Uneven collection but "Failure" worth the price alone
Kevin W. Parker | Greenbelt, MD | 06/30/2005
(4 out of 5 stars)
"If this collection just contained "Failure Is Not An Option," I would unhesitatingly give it five stars. Gene Kranz's personal retelling of the space race provides enthralling insight into what went on behind the scenes, what life was like in Mission Control, and how decisions were made.
Unfortunately, the remaining items in the set aren't of the same caliber. "Project Orion" is decent coverage of a bizarre effort to use exploding atomic bombs to propel spacecraft. "Space Shuttle" is nothing special, and if you want to see a good documentary about "Apollo 13", get PBS's "Apollo 13: To the Edge and Back", not this one.
That being said, "Failure" is worth the price of the set all by itself. I highly recommend it for anyone interested in how we got men to the Moon."
MOCR the Movie
Dsinned | Northern California | 06/01/2006
(5 out of 5 stars)
""MOCR" is an acronym for Mission Operations Control Room and the 90 minute segment, "Failure Is Not An Option", is mainly about the people that worked behind the scenes in Mission Control.

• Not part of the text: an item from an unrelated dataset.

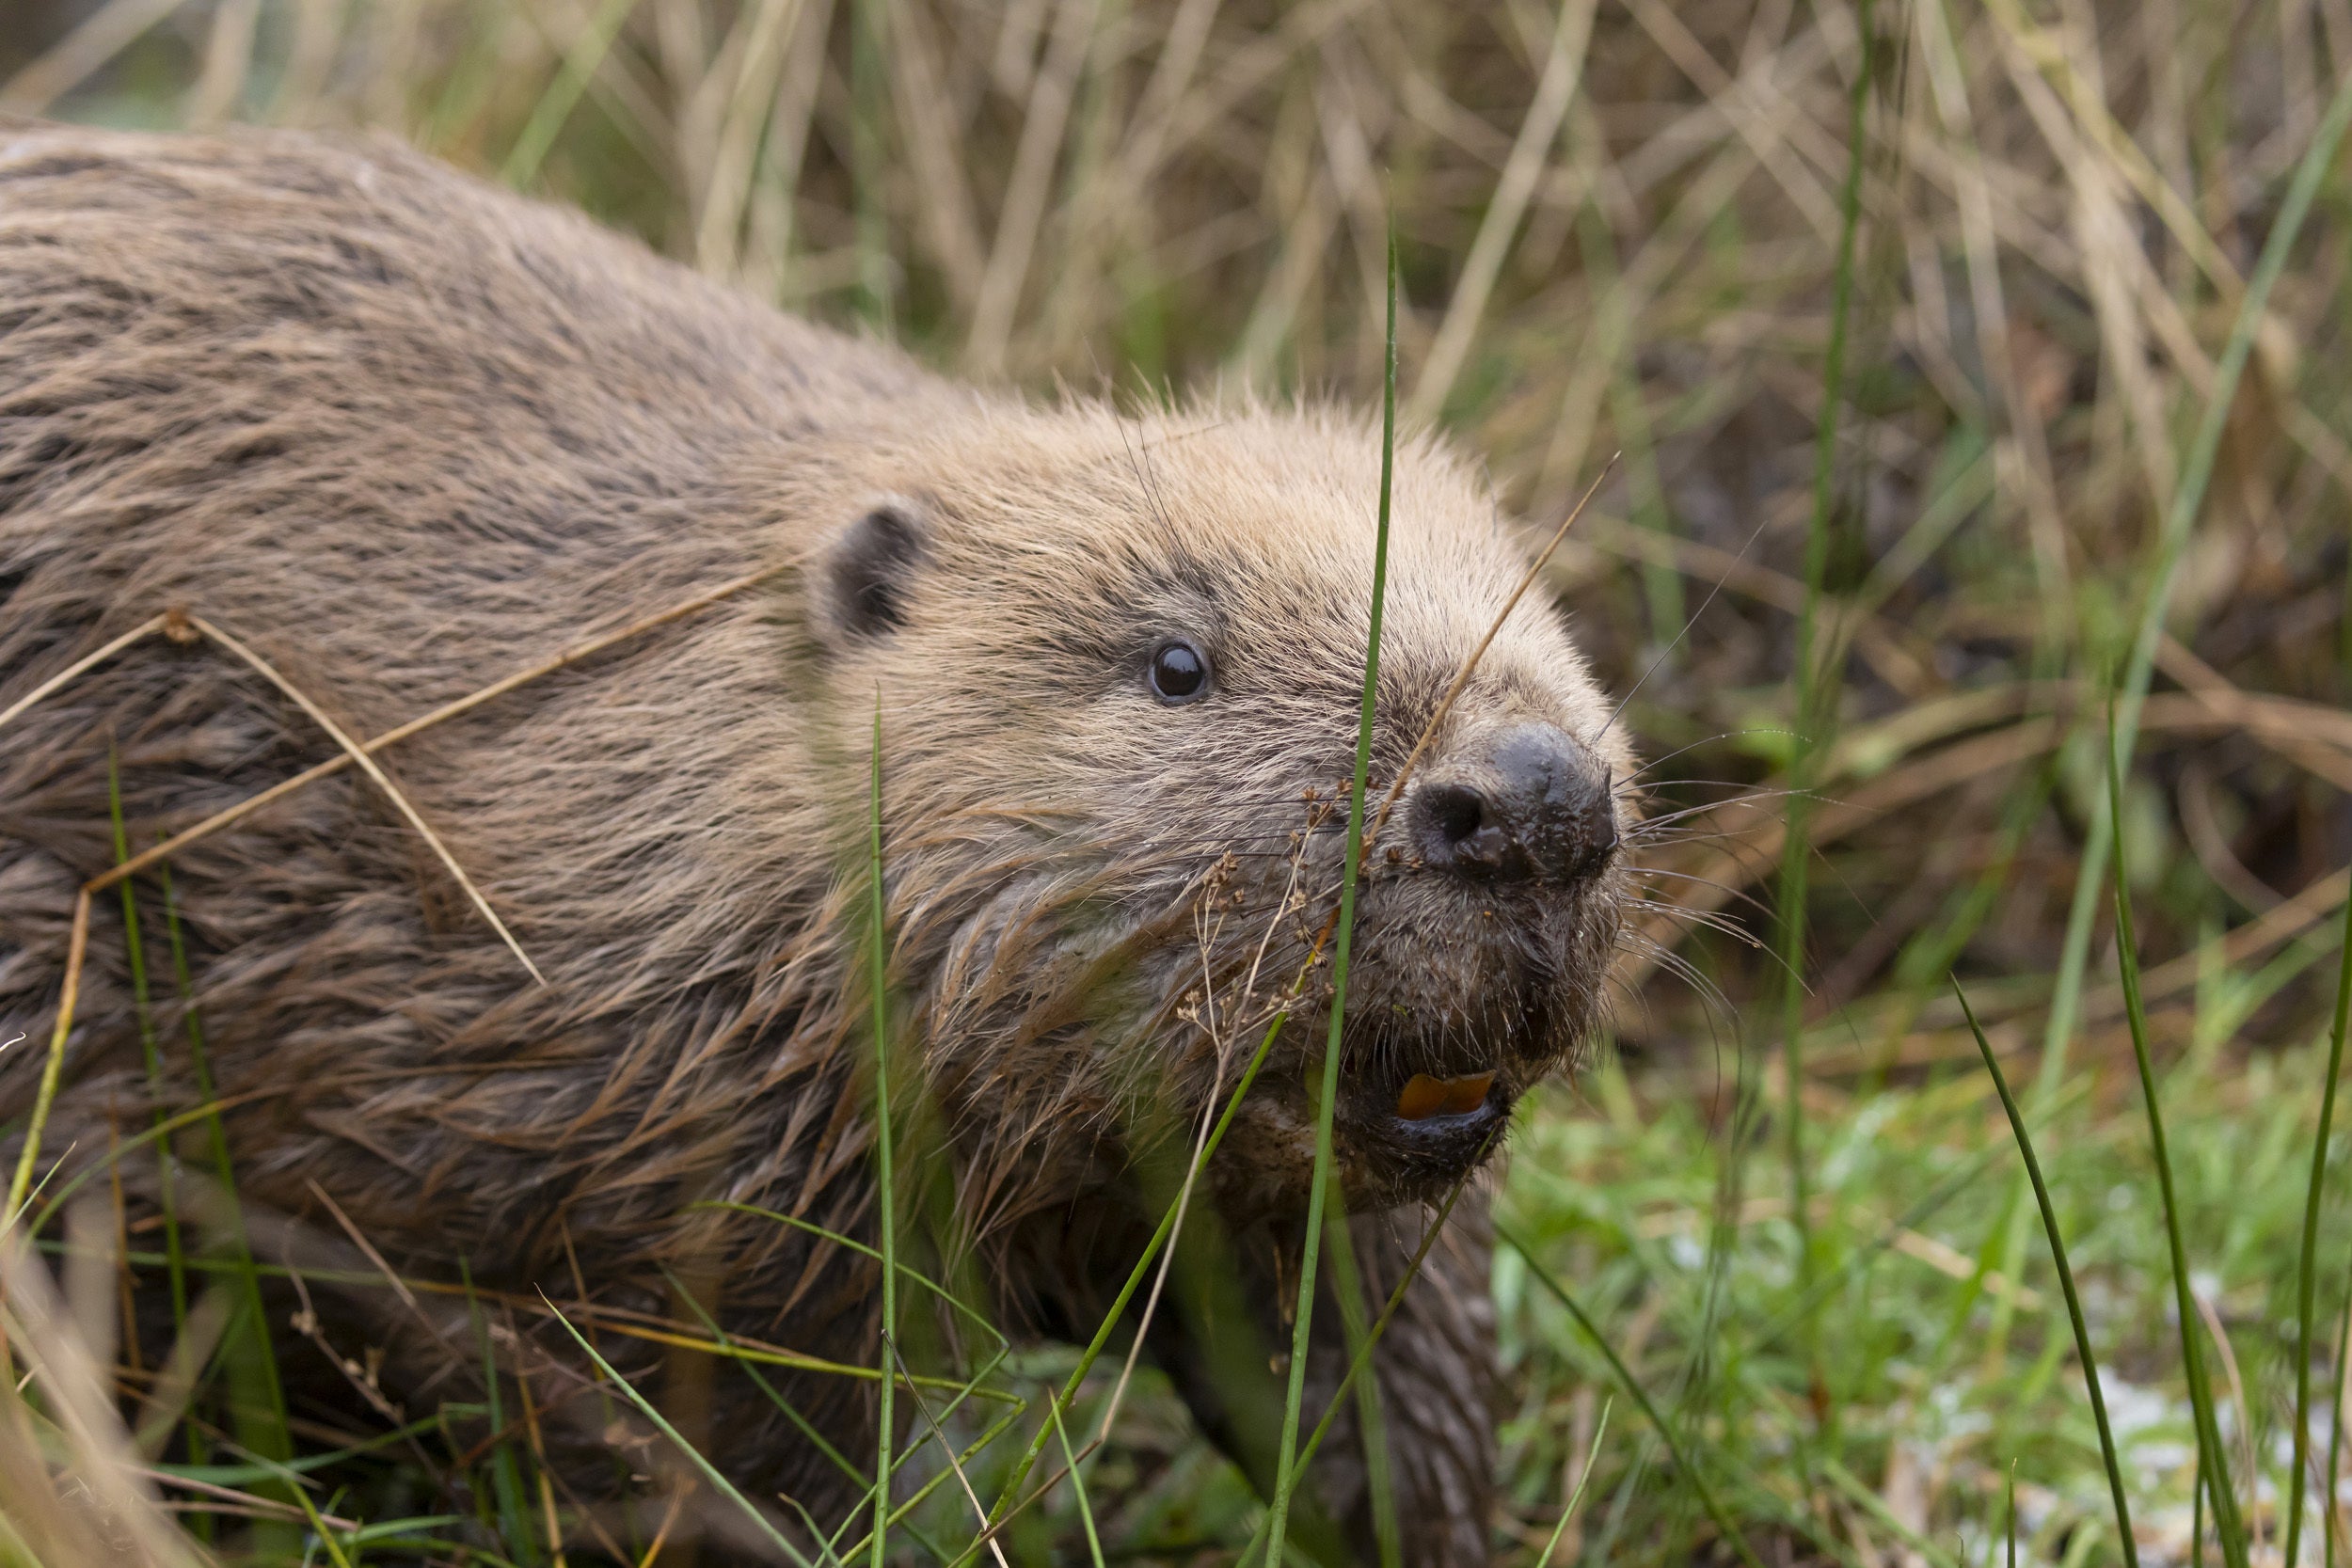 A second family of beavers have been translocated in Scotland in a bid to protect the species (Mark Hamblin/scotlandbigpicture.com)

Other than the dozens of Astronauts themselves, these men were working as a highly motivated team in Mission Control, as the NASA brain trust that made President Kennedy's vision to land a man on the Moon an astonishing reality.
I can't get enough of this kind of memorabilia from the space race era, and there are several excellent videos on this subject, but this one tells the story from the perspective of the Flight Director in Mission Control. The manned spacecraft flight controllers - all now long since retired NASA Engineers -guided the Astronauts 24/7 during the trials and tribulations of every mission, from Project Mercury to Apollo. These are the men featured individually and collectively in this DVD.
Their enthusiasium and sometimes apprehensions too, coupled with many emotional highs and lows, during those hectic space race years, are all well presented in this documentary; Gene Krantz, perhaps more well known if not leading Flight Director, most of all. Chris Kraft - Mr. Krantz's mentor - is also featured as quite instrumental in setting up a phenomenally bright group of often nerdish looking (personified by pocket protector wearing, slide rule touting and surprisingly young) Engineers.
All these MOCR Engineers with such specialty positions as EECON, FIDO, GNC, and the like, also clearly had the makings of the "right stuff". When this DVD was produced, these men, all in their late 60s or 70s, were extensively interviewed throughout the video. By today's standards, back in the late 60s, they were NASA's not-so-well-paid brightest spaceflight experts who literally wrote the book on how to get a rocket ship to the Moon. They planned, calculated, simulated, training step by step, right alongside the astronauts until the job was done. The men behind the dazzling lights and consoles in MOCR had to function under the most stressful, mentally challenging conditions, often making life and death decisions and perform all their jobs as a team absolutely superbly.
This movie is a tribute to these men and all of their extremely hard work and untiring dedication to putting not only one, but 12 different Americans on the Moon. BRAVO to all of these men for a job WELL DONE!"